Adding gazetteers as a feature for UDPipe is orthogonal to this (and much easier to implement I guess).

EmilStenstrom · 2016-08-28T19:57:59Z

@martinpopel As always, the problem with training data :) I see that NameTag only has one model, for czech. I'm looking to use this for 6-8 languages simultaneously, something that UDPipe is great at.

foxik · 2016-08-29T18:24:40Z

Hi @EmilStenstrom,

it is not obvious in which phase to use the gazetteers list -- ideally it would be used during training so that it can be only a feature and the algorithm; but then the lists would have to be collected for all languages by me (I am saying only collected, not generated), and also users would not be able to add theirs "custom" PROPN from their domain which is not covered by the training gazetteers list (the second issue could be alleviated by allowing users to specify additional content of the training gazetteers lists).

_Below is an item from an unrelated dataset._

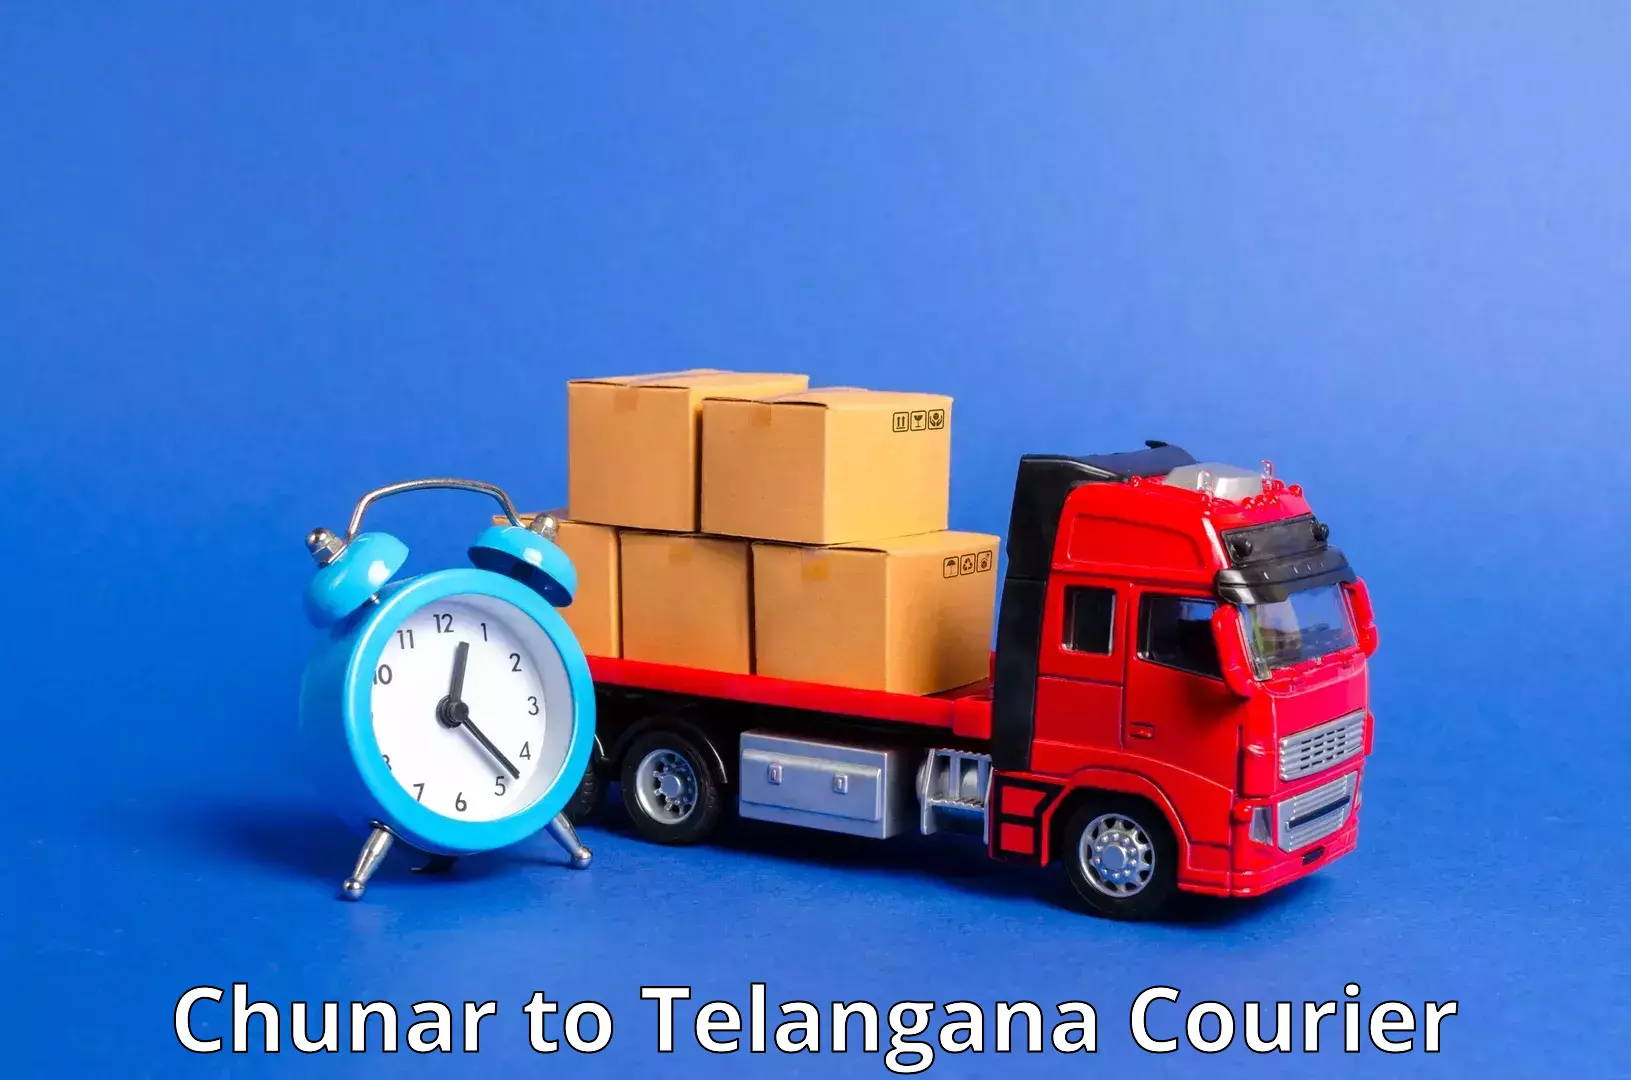 Express delivery capabilities Chunar to Secunderabad
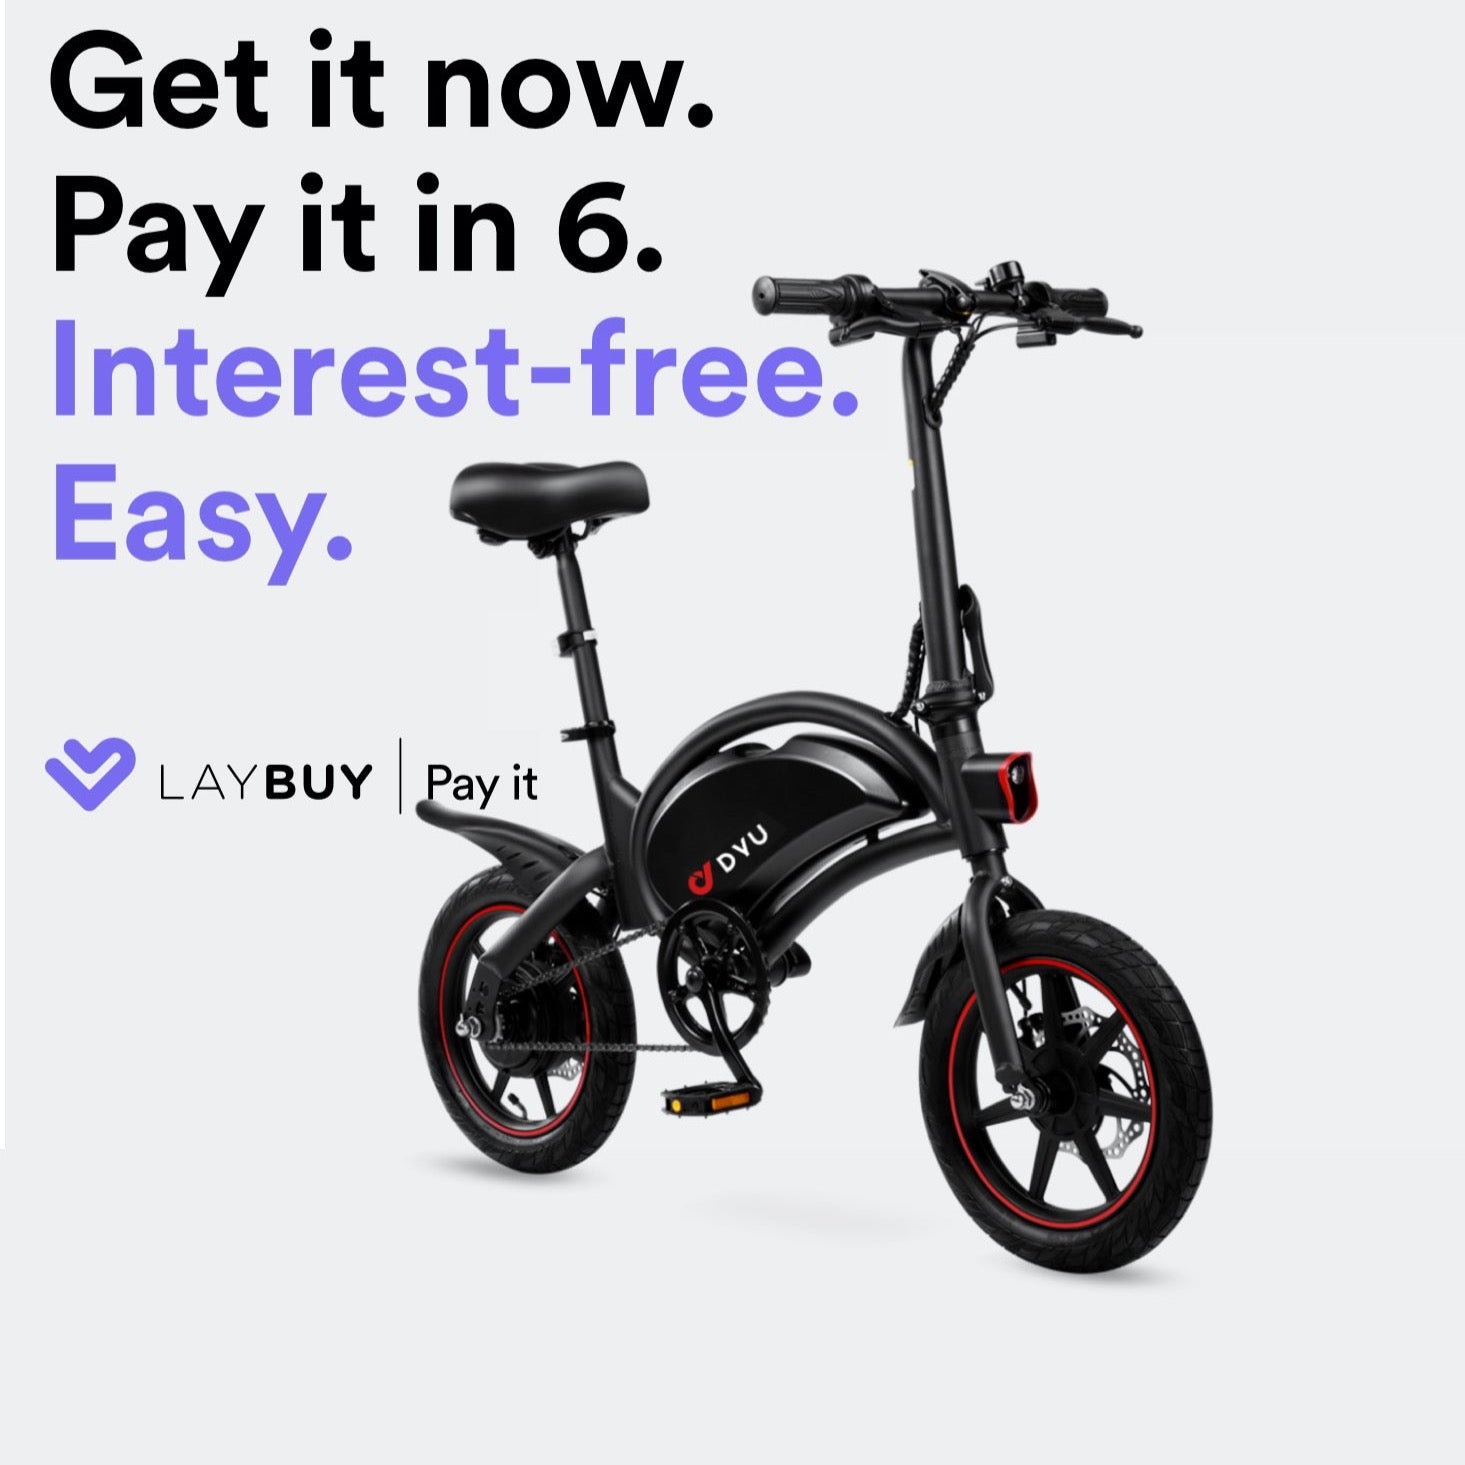 Pay The DYU D3F Ebike In 6 Interest-Free Payments

Or people could use the gazetteers list not a "soft signal" (i.e., used as a feature in the classifier), but as a "hard signal", by forcing the PROPN tag for the given words (ignoring the classifier). As for the second possibility, that is already possible by UDPipe to some extent -- after calling model.tag, you can go through the words and replace the predicted tags by PROPN. (Then you can call model.parse so that parser can see the tags.) (Of course, it would be a bit better to fix the tags before calling the tagger, so that the tagger can benefit from the already fixed POS tags like PROPN. Actually, this is quite interesting possibility -- maybe we could have a way of saying in model.tag: "these tags/lemmas/features are already generated and you have to respect them". That would be useful also for stuff like emails, URLs, etc.)

Anyway, even if the gazetteers list would most likely improve PROPN, I am not going to deal with them in UDPipe for the time being, because I will implement a new tagging algorithm in the future (~6-9 months), which will be based on recurrent neural networks with character-level embeddings amongst others. Similar architectures can perform NER on state-of-the-art level without any gazetteers (http://arxiv.org/abs/1603.06270 or https://arxiv.org/abs/1603.01360), so I hope they will be able to recognize PROPN better than the current algorithm (which works quite differently and is quite bad at recognizing PROPN). But if this does not help, I will turn to gazetteers list :-)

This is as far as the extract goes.